Alternatively, it can be made of nickel or of a nickel-phosphorus
alloy. Alternatively, it can be made of silicon. Also
alternatively, it can be made of a metallic glass. Of course, it
may alternatively be made of any other material, in particular any
other elastic material. The spring may be made, for example, using
a mechanical process such as stamping or wire cutting. The spring
may also be made by stereolithography, by a LIGA process, by a DRIE
etching process, by an injection-molding process or by a laser
cutting process.
[0299] In the first two embodiments, the notching system involves a
spring 1, 1', 1'', 1''' mechanically connected, in particular
articulated to the second member 3, 3', 3'', 3''' which is movable
with respect to the first member 2, 2', 2'', 2''' the first member
being for example a ring 2, 2', 2'', 2''' that is part of a case
middle 4, 4', 4'', 4''' or being fitted in a case middle 4, 4',
4'', 4''. However, it is quite possible to reverse the arrangement
such that the first member 2* is mounted so as to be movable with
respect to the second member 3*. In this case, the first member 2*
may correspond, for example, to a rotary bezel portion. In this
case, the spring 1* is mechanically connected, in particular
articulated to the second member 3*, the second member 3* being for
example a ring 3* that is part of a case middle 4* or being fitted
in a case middle 4*.
[0300] The torque necessary to maneuver the first and second
members with respect to one another is variable depending on the
natures of the applications, in particular variable depending on
the functions ensured by the first member and/or the second member.
In the case of an orientable back (i.e. one that is angularly
indexed with respect to a case middle), the torque is in particular
higher than the torque necessary for rotating a rotary bezel or a
rotary flange.
[0301] The notching system may also be miniaturized so as to be
applied to a crown that is orientable with respect to a case middle
(i.e. angularly indexed with respect to a case middle).

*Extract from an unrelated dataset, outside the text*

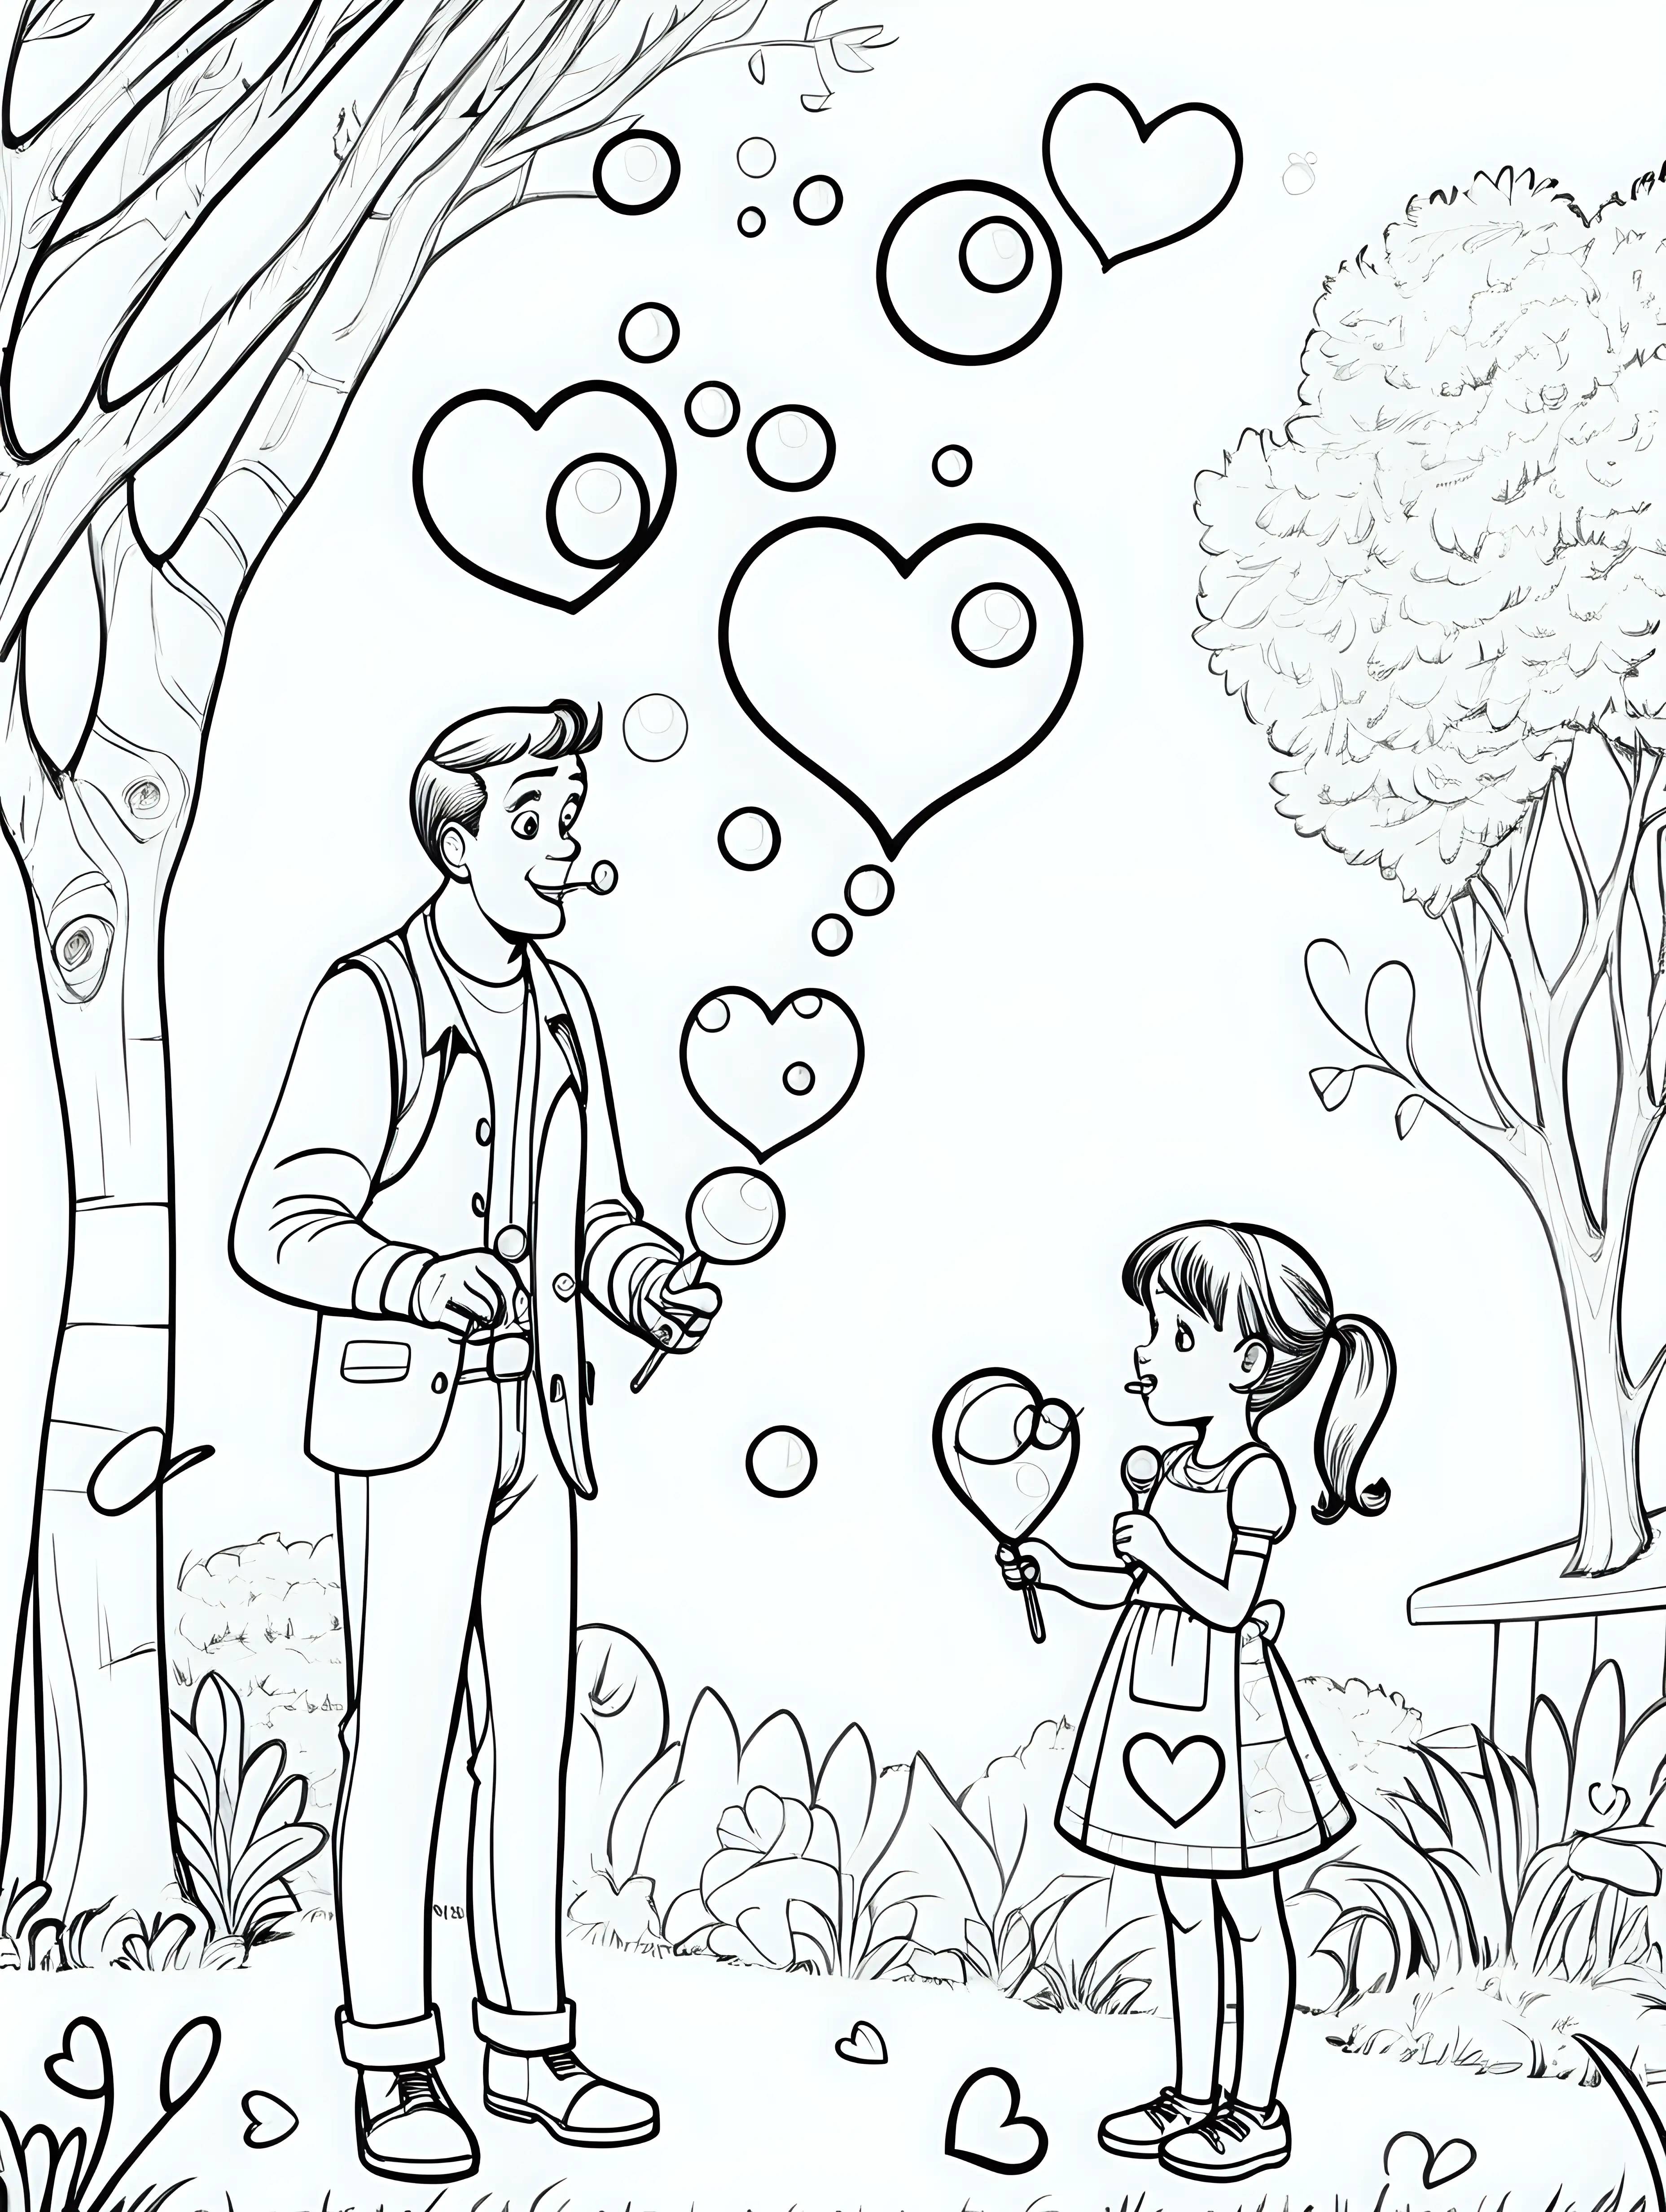 Cute, fairytale, whimsical, cartoon, younger Daddy and daughter blowing bubbles in the backyard with heart-shaped wands, black and white, thin lines, coloring page, simplistic, aspect ratio 9:11, no shading

[0302] The notching system 100, 100', 100*, 100'', 100''' could
also be utilized to be applied to a notching mobile of a timepiece
movement. In this case, the second member 3, 3', 3'', 3''' or the
first member 2* could be a mobile of an adjustment mechanism of a
timepiece movement, and the first member 2, 2', 2'', 2''' or the
second member 3* could more particularly be a mobile engaged with a
display member, typically a display member fora time zone or a
programmable display, or vice versa.
[0303] Irrespective of the embodiment or the variant, the first and
the second notching elements, in particular the first notching
teeth and the second notching teeth may be in multiple forms or
geometries.
[0304] Irrespective of the embodiment or the variant, a notch is
not exclusively defined by a given first notching element
cooperating with a given second notching element as is the case in
the device of the document EP3608730, or by all of the first
notching elements cooperating simultaneously and in a synchronized
manner with second notching elements as is the case, for example,
in the device of the document EP1431845.
[0305] Specifically, irrespective of the embodiment or the variant,
a notch or an indexed position is defined by the conjunction of at
least: [0306] a first cooperation between a given first notching
element and a given second notching element, and [0307] a second
cooperation between another given first notching element and
another given second notching element.
[0308] Advantageously, this conjunction also comprises a third
cooperation between at least one other first notching element,
different than the two first ones, with a recess or a portion, in
particular a portion of a cylinder, of the first member.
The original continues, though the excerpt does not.